:: WHAT IS EXPECTED ::
I'd like the entire listing output verbatim, apart from the pictures.

:: COLLECTED DATA ::
★ ★ ★

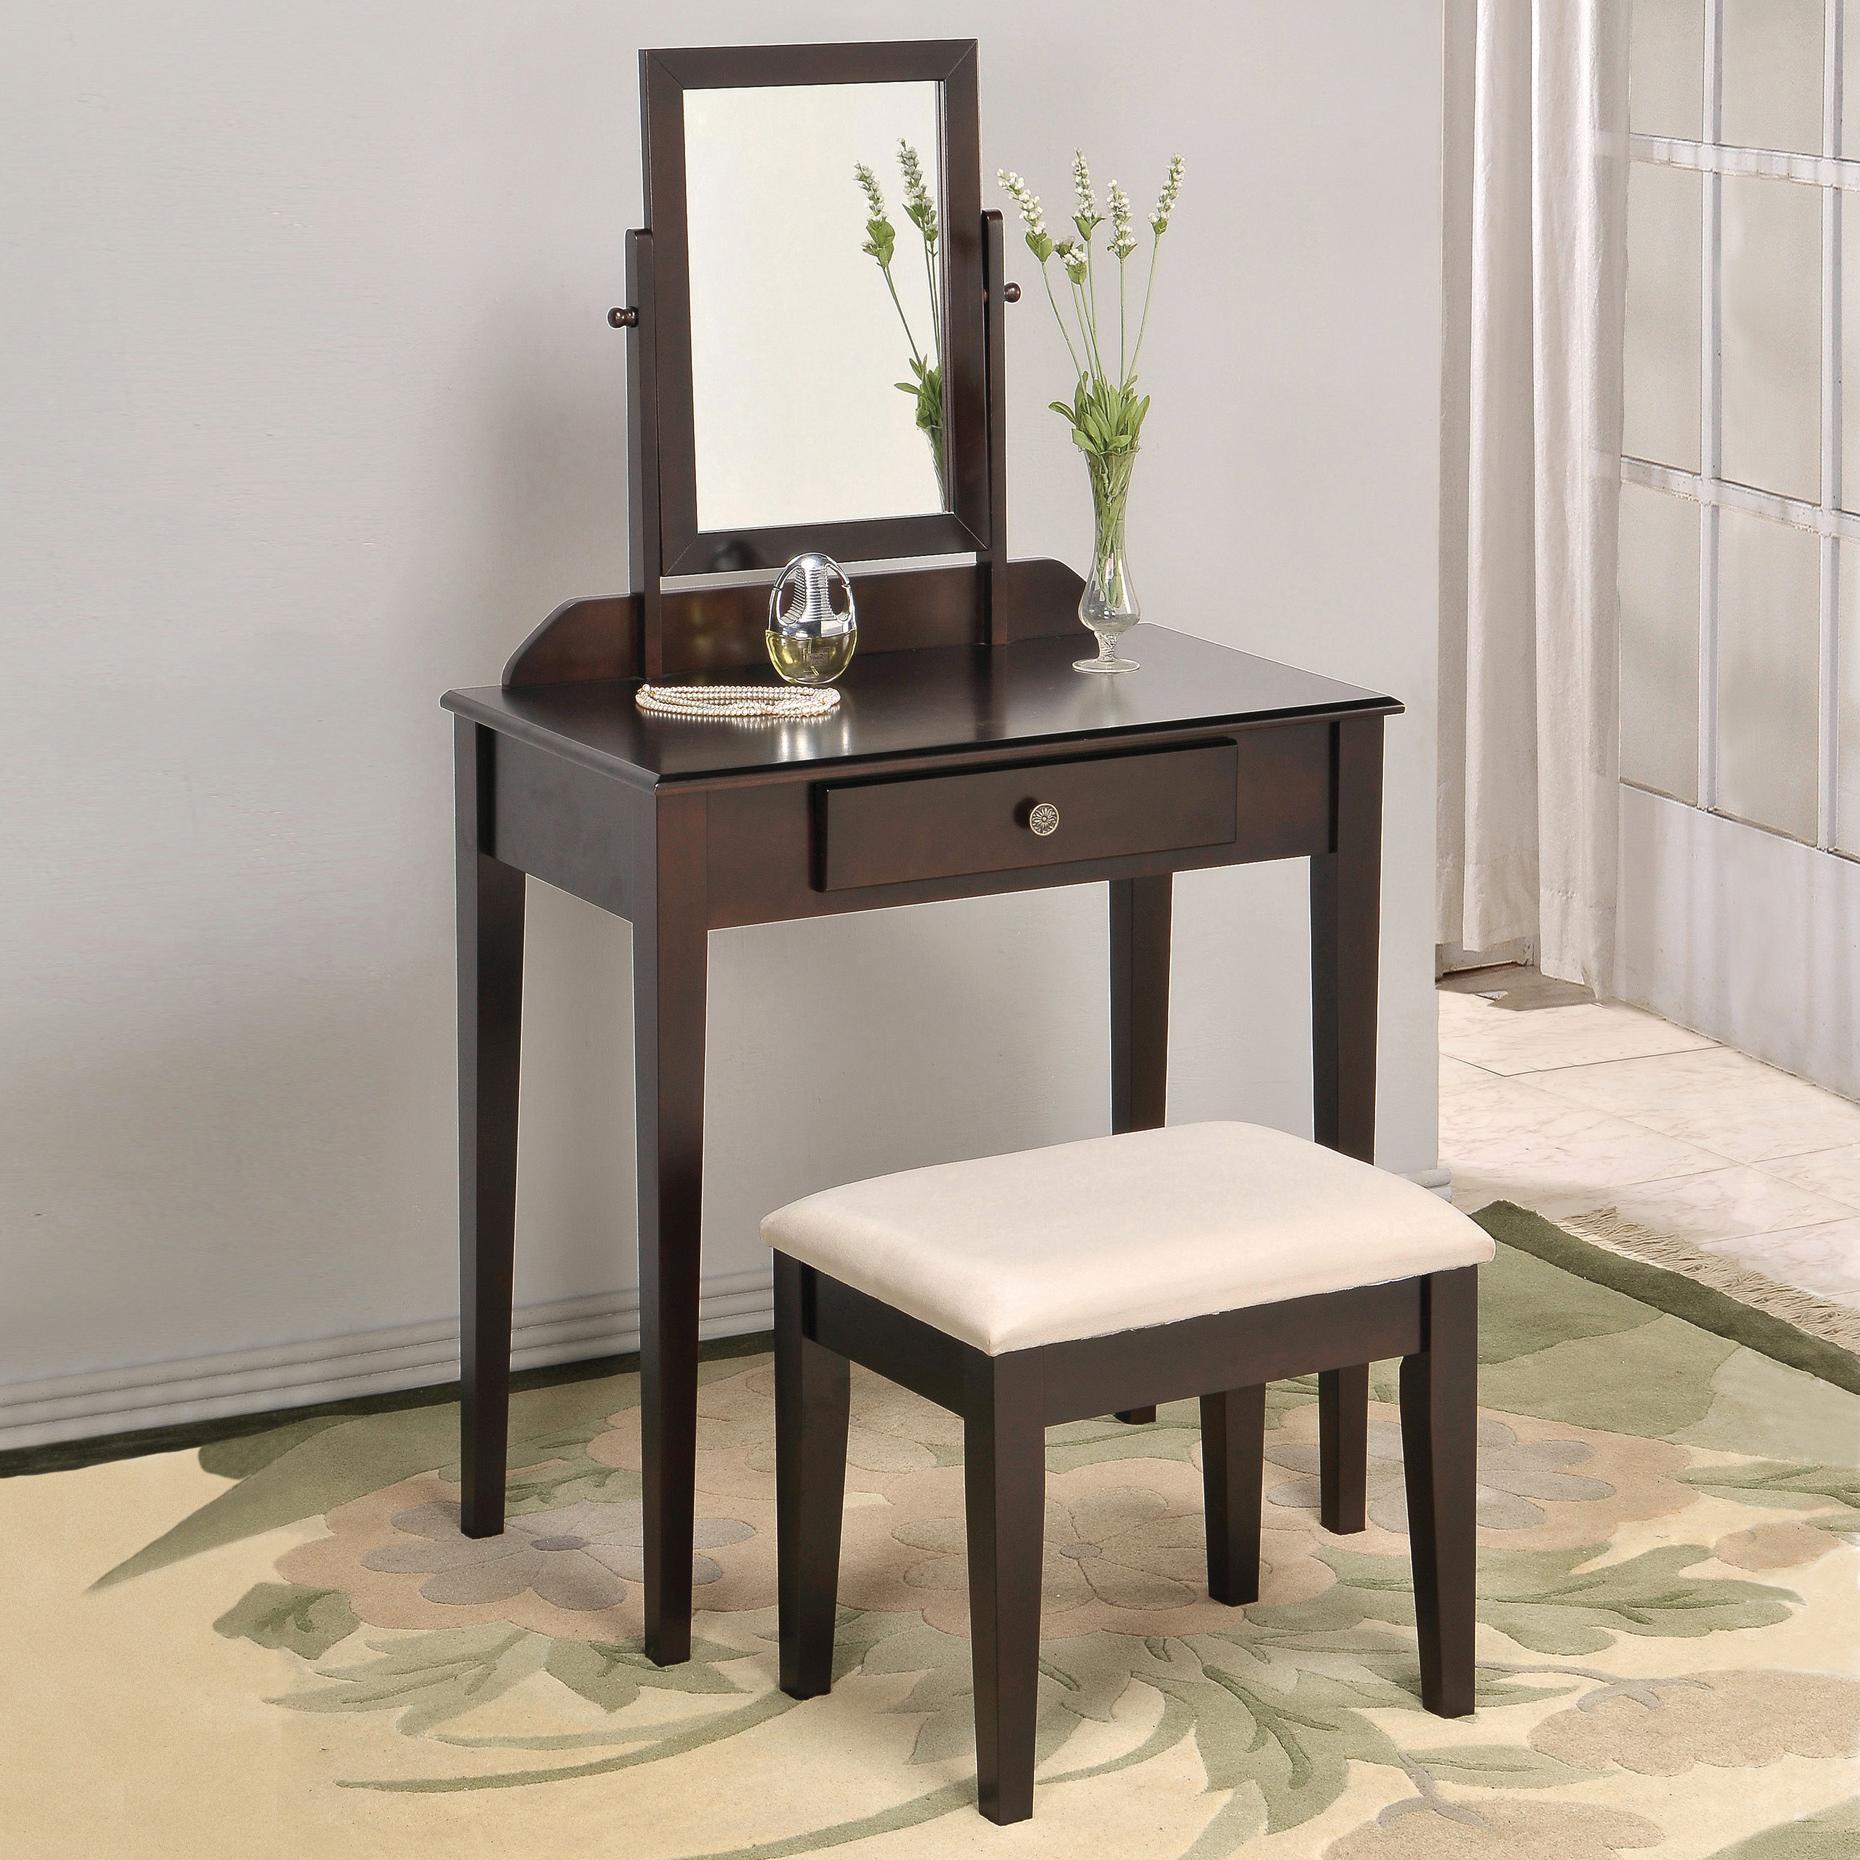 Iris Vanity Table & Stool by Crown Mark at Darvin Furniture
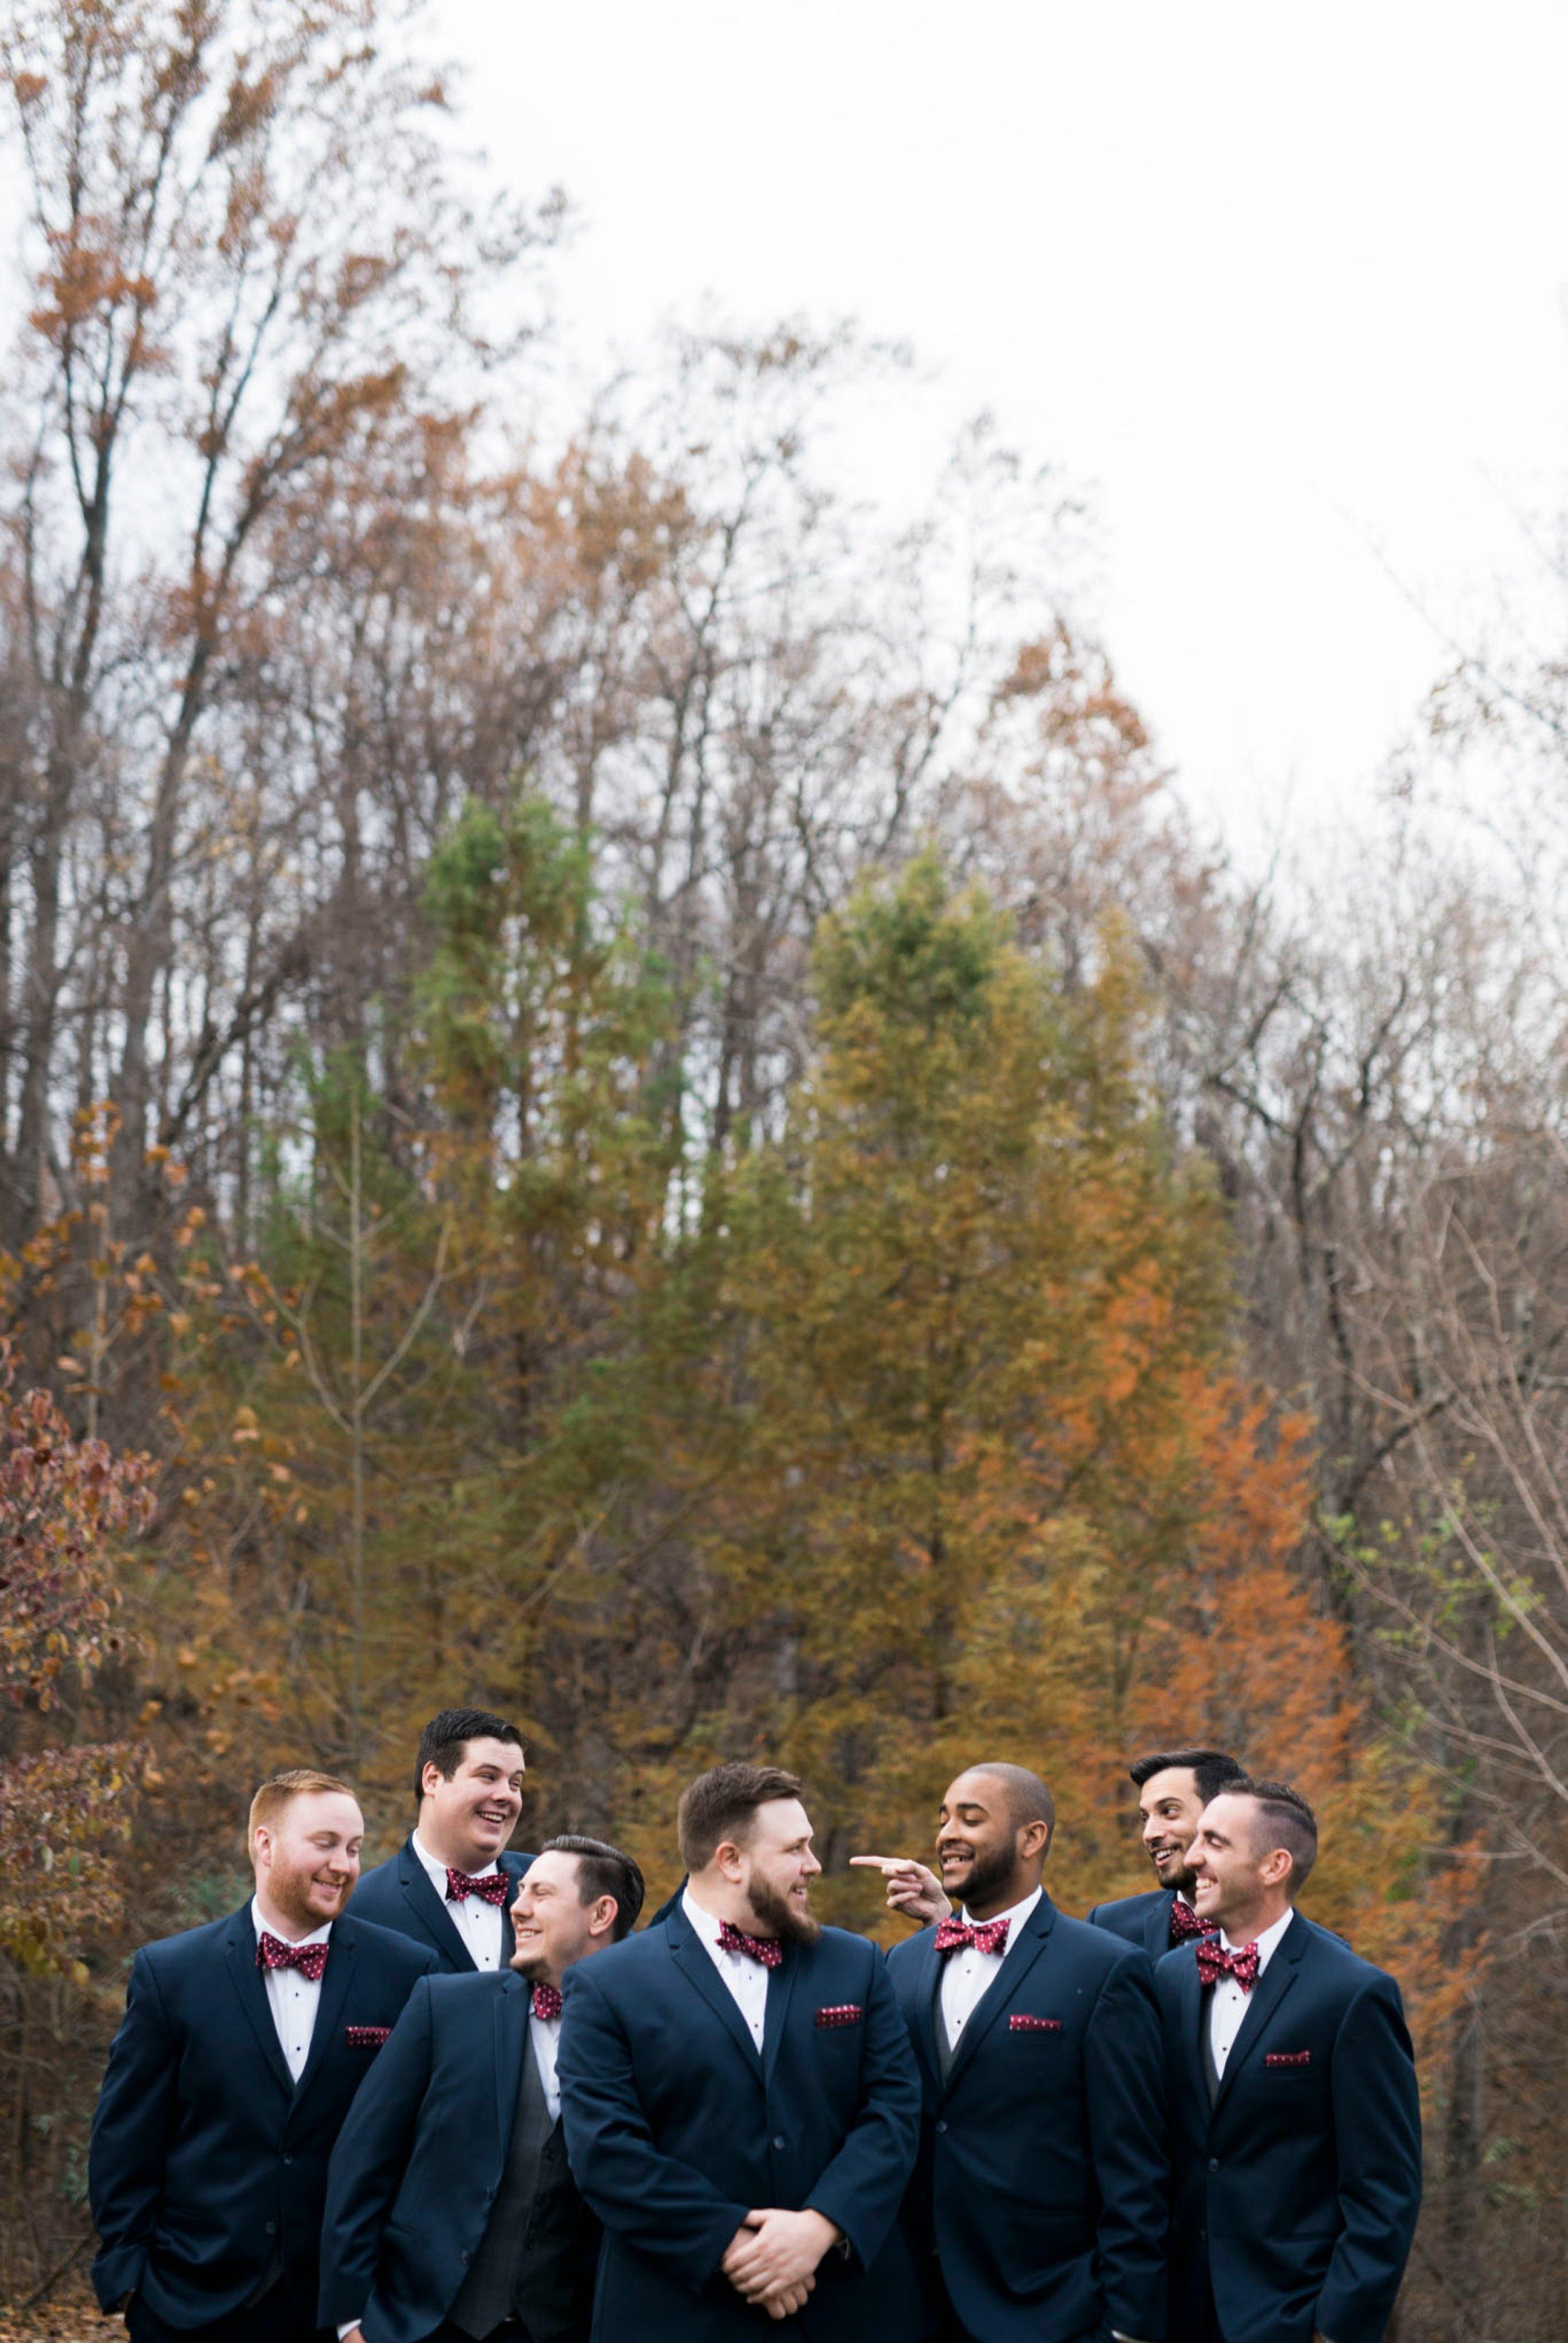 IrvineEstate_LexingtonVA_Wedding_FallWedding_VirginiaWeddingPhotographer 31.jpg
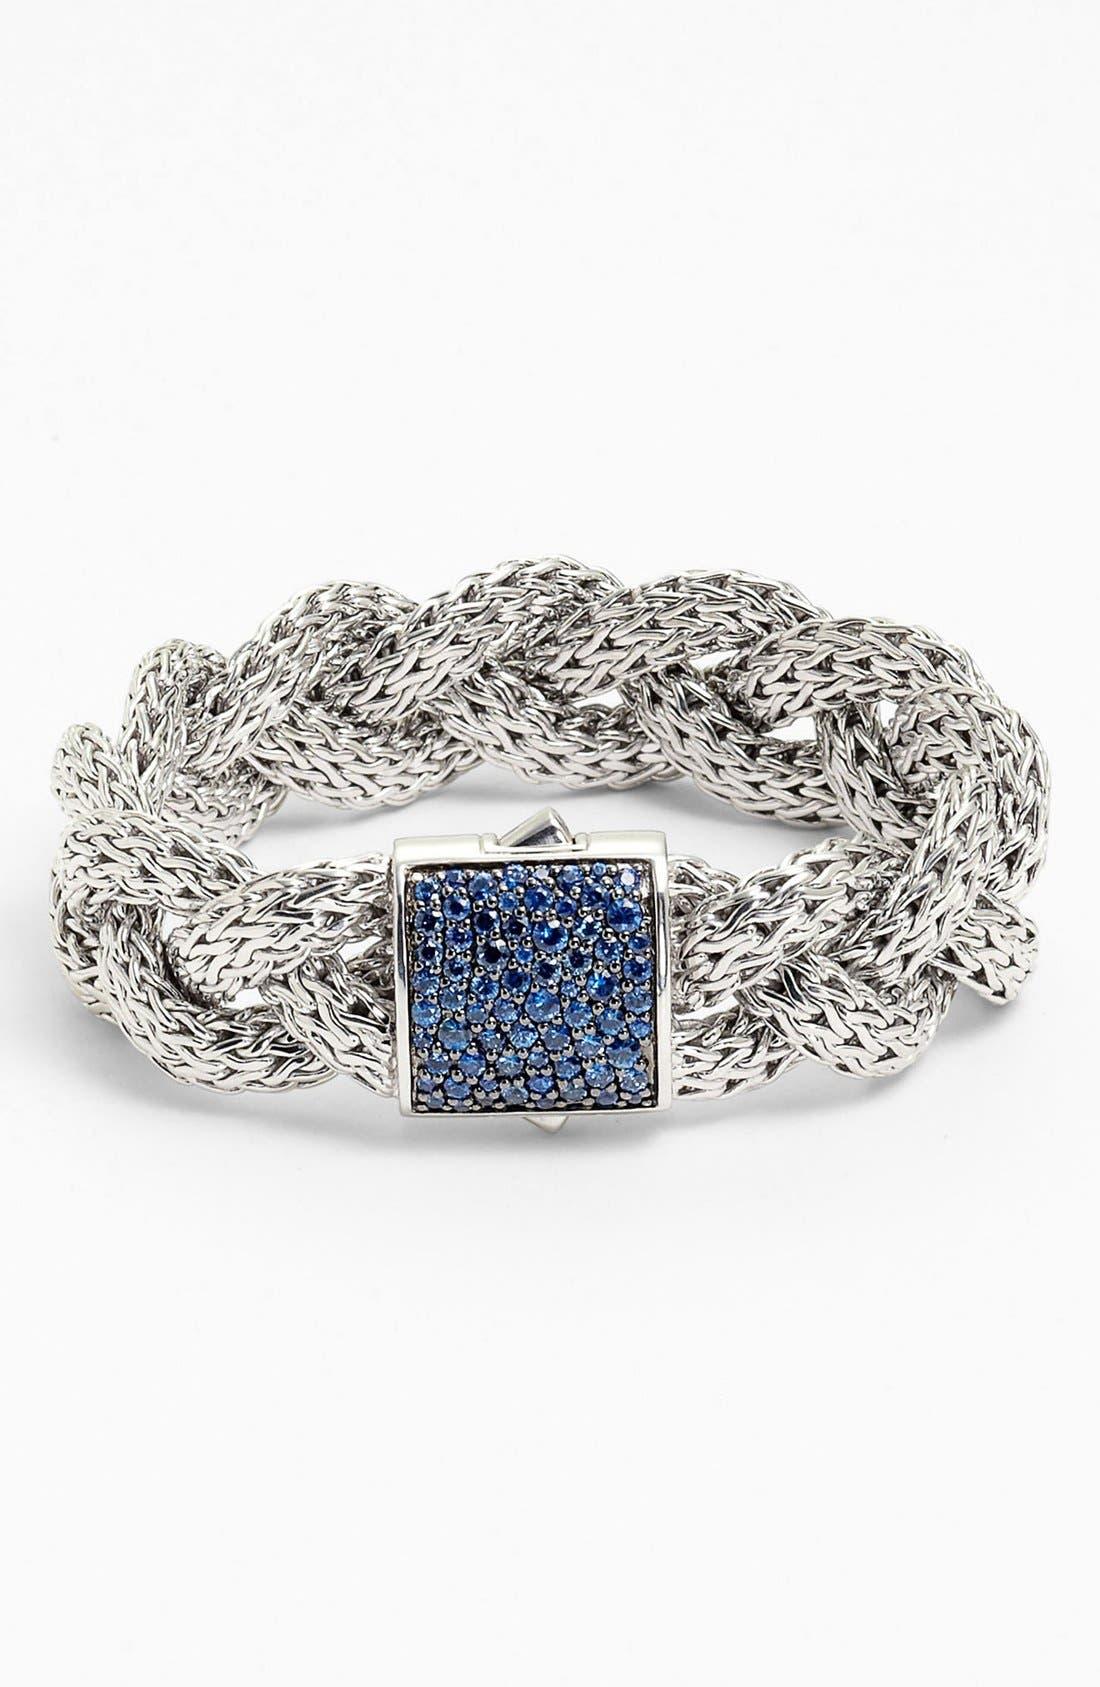 Main Image - John Hardy 'Classic Chain' Large Braided Bracelet

★ ★ ★

:: RESPONSE AREA ::
 Iris Vanity Table & Stool by Crown Mark at Darvin Furniture
 IrvineEstate_LexingtonVA_Wedding_FallWedding_VirginiaWeddingPhotographer 31.jpg
 Main Image - John Hardy 'Classic Chain' Large Braided Bracelet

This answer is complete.